I will have a look at that code and see if I can use it.
Cheers, Alastair.
Chuck Booth says
Sorry to go off topic and interject politics into RC discussions, but this NPR interview with James Hansen and Mark Bowen, author of Censoring Science: Inside the Political Attack on Dr. James Hansen and the Truth of Global Warming, might be of interest to some:
http://www.npr.org/templates/story/story.php?storyId=17926941
Julian Flood says
quote Quite clearly from Figure 1(d), in the autumn the whole layer can be affected by what has happened at the surface (they sort of indicate this was by transport, but it could as well be by changes in radiation terms) unquote
Could you/anyone expand on this? I’m interested in emissivity changes of open Arctic water in particular. Have there been changes? If the emissivity were to fall, what would be the atmospheric signal?
Lynn Vincentnathan wrote
quote A mistake on the other side, such as overestimating the danger from GW, would not be harmful, since as we all know mitigating GW (even if it is not happening…and it is) would be of great help in saving people money and boosting the economy, without lowering living standards or productivity. Sort of a win-win-win-win situation, when you factor in better health and wealth and well-being from reducing other enviro problems to boot. unquote
Would that this were so — there are some bizarre sequestration proposals which are quite capable of doing major damage. Letting loose a crackpot carbon-fixation scheme on the principal that it would not be harmful might well be more damaging than the disease. To buy time — if things are that urgent — I would prefer people looked at Salter and Latham’s albedo enhancement proposal. It uses salt water, windpower, costs relatively little and can be switched off in seconds.
JF
Barton Paul Levenson says
JF writes:
[[To buy time — if things are that urgent — I would prefer people looked at Salter and Latham’s albedo enhancement proposal. It uses salt water, windpower, costs relatively little and can be switched off in seconds.]]

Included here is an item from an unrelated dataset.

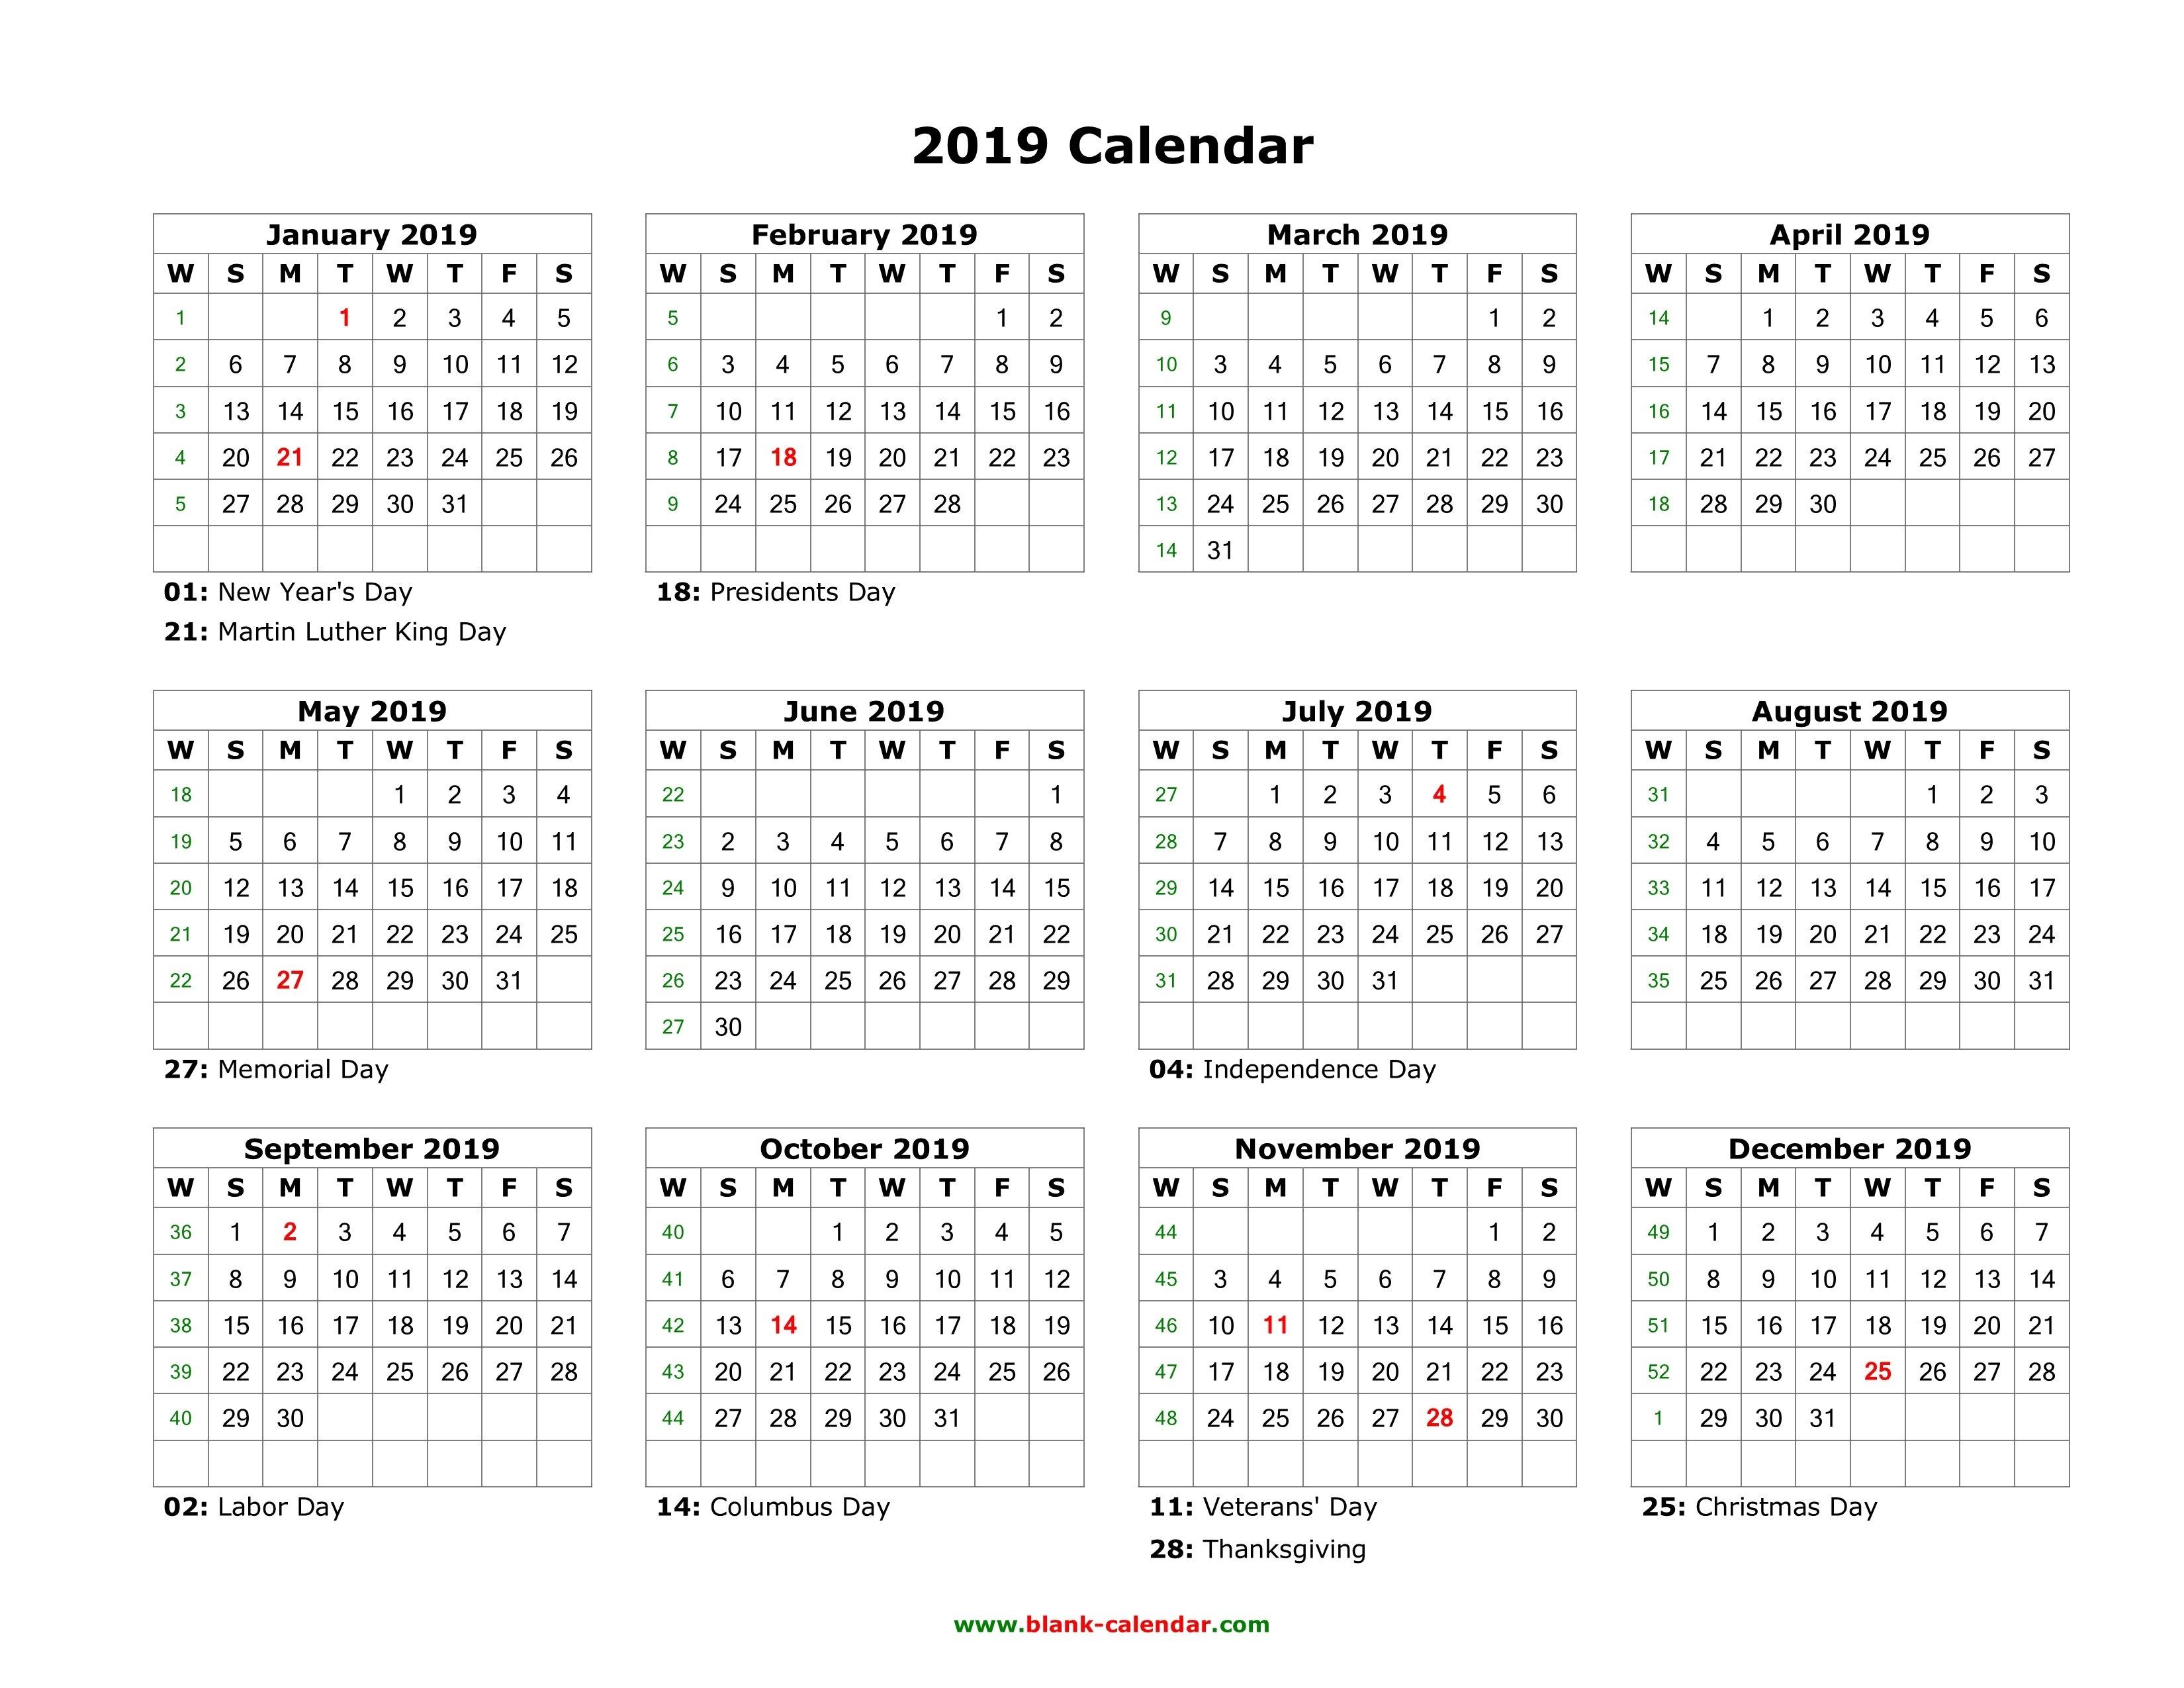 Blank Calendar 2019 | Free Download Calendar Templates 1 Year Calendar 2019

On the other hand, it allows the oceans to continue getting more and more acidic. Mitigation without emission reductions is not necessarily a good idea, especially if the mitigation makes people think, and fossil fuel producers assert, that they can now take a more leisurely pace toward phasing out fossil fuels.
dhogaza says
And then, if you build a machine that executes the virtual machine code, the interpreter becomes a compiler, despite not a single line of code being changed.
Now, there’s a useful distinction between compiler and interpreter.
Not.
Nor a usual one.
Which means you’re aware that “compiled” vs. “interpreted” is an attribute of an implementation, not the language, but are too stubborn to admit it.

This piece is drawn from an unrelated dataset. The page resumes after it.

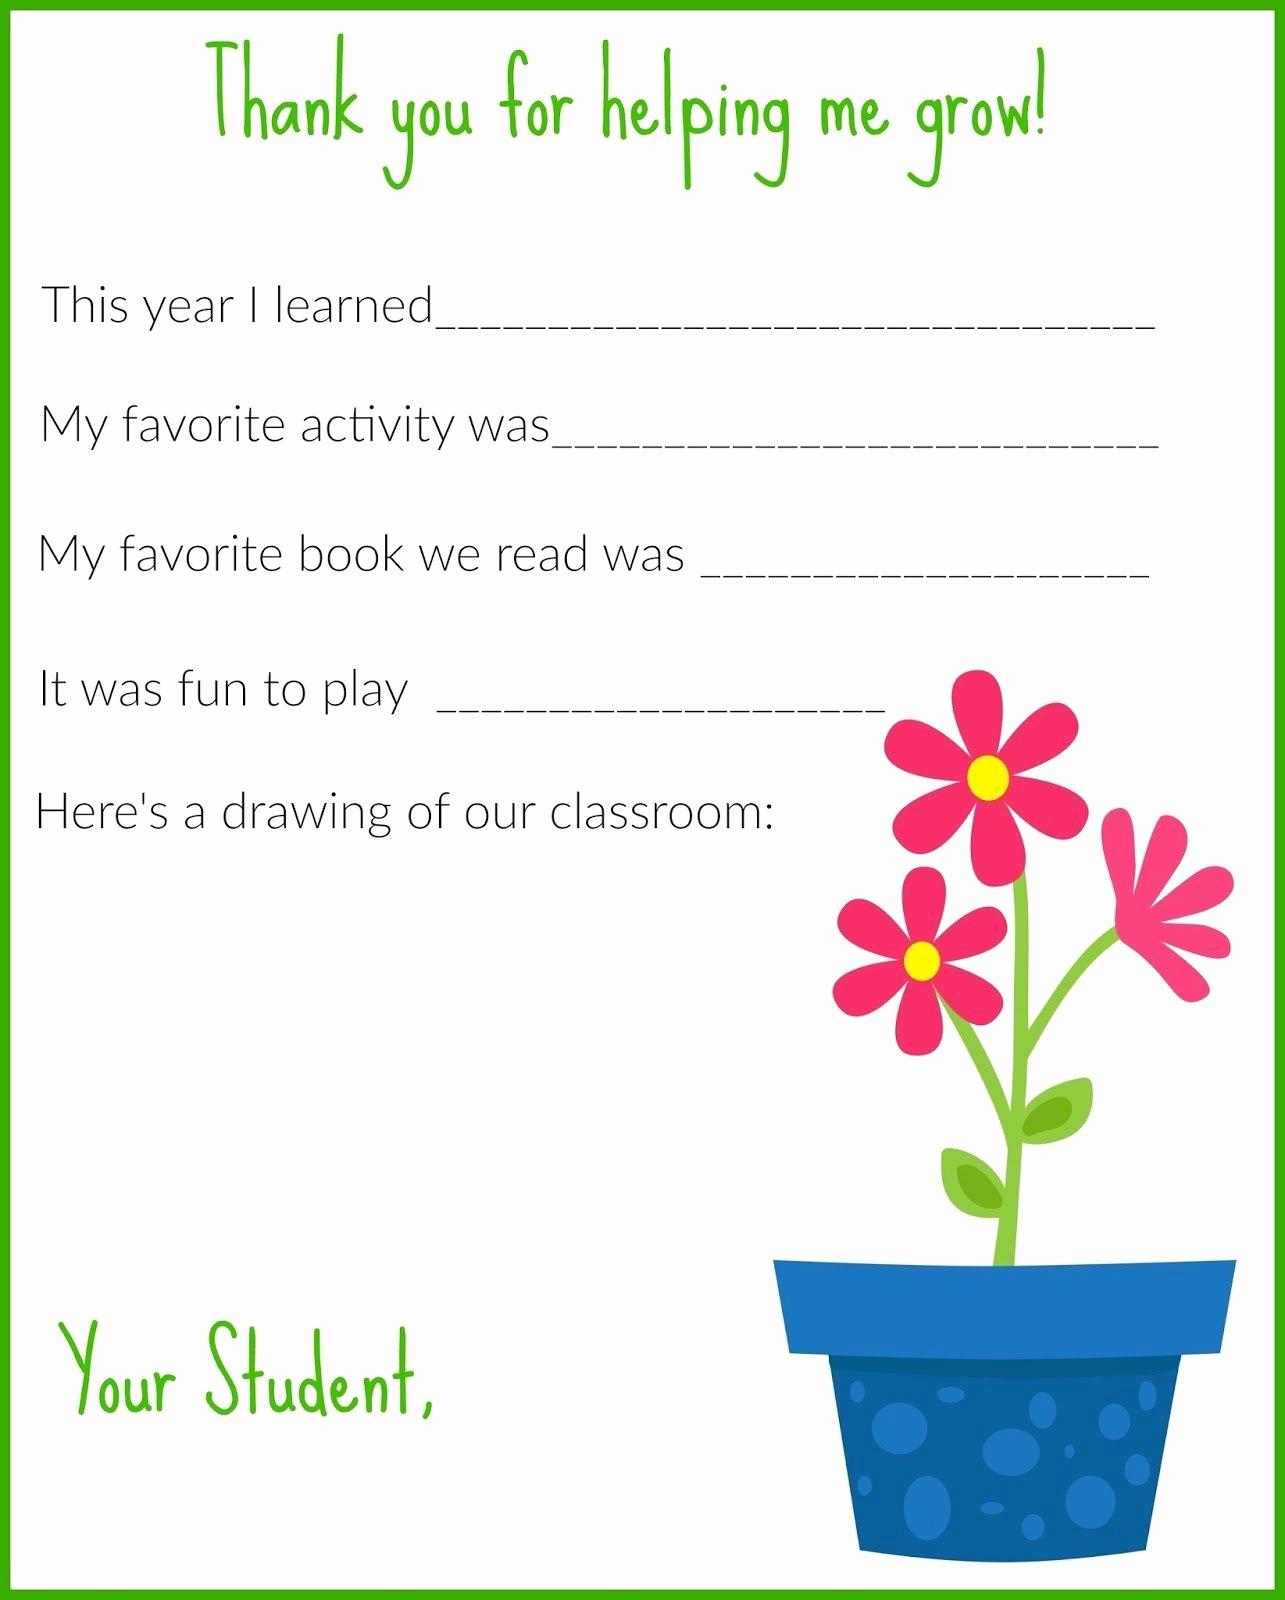 Teacher Letterhead Template Free Printable Thank You Letter Template - Free Printable Thank You Cards For Teachers

Because after spending 20 years writing multi-language/multi-backend optimizing compilers I got tired of it, and decided to do other things in my life.
But that doesn’t mean I’ve forgotten everything I learned in those 20 years.
Barton Paul Levenson says
dhogaza, missing the point as usual, writes:
[[dhogaza, running on a virtual machine which is in turn running on a real machine is still going through an interpreter as far as I’m concerned.
And then, if you build a machine that executes the virtual machine code, the interpreter becomes a compiler, despite not a single line of code being changed.]]
And if your mother had wheels, she’d be a trolley.
Yes, if you took out the intermediate layer, it would be a compiler. Good observation. But the fact of the intermediate layer being there is what makes it an interpreter, and that’s what makes it slower than a compiled language.
It’s hard to believe you really don’t understand this. It just seems like more of your fighting for the sake of fighting.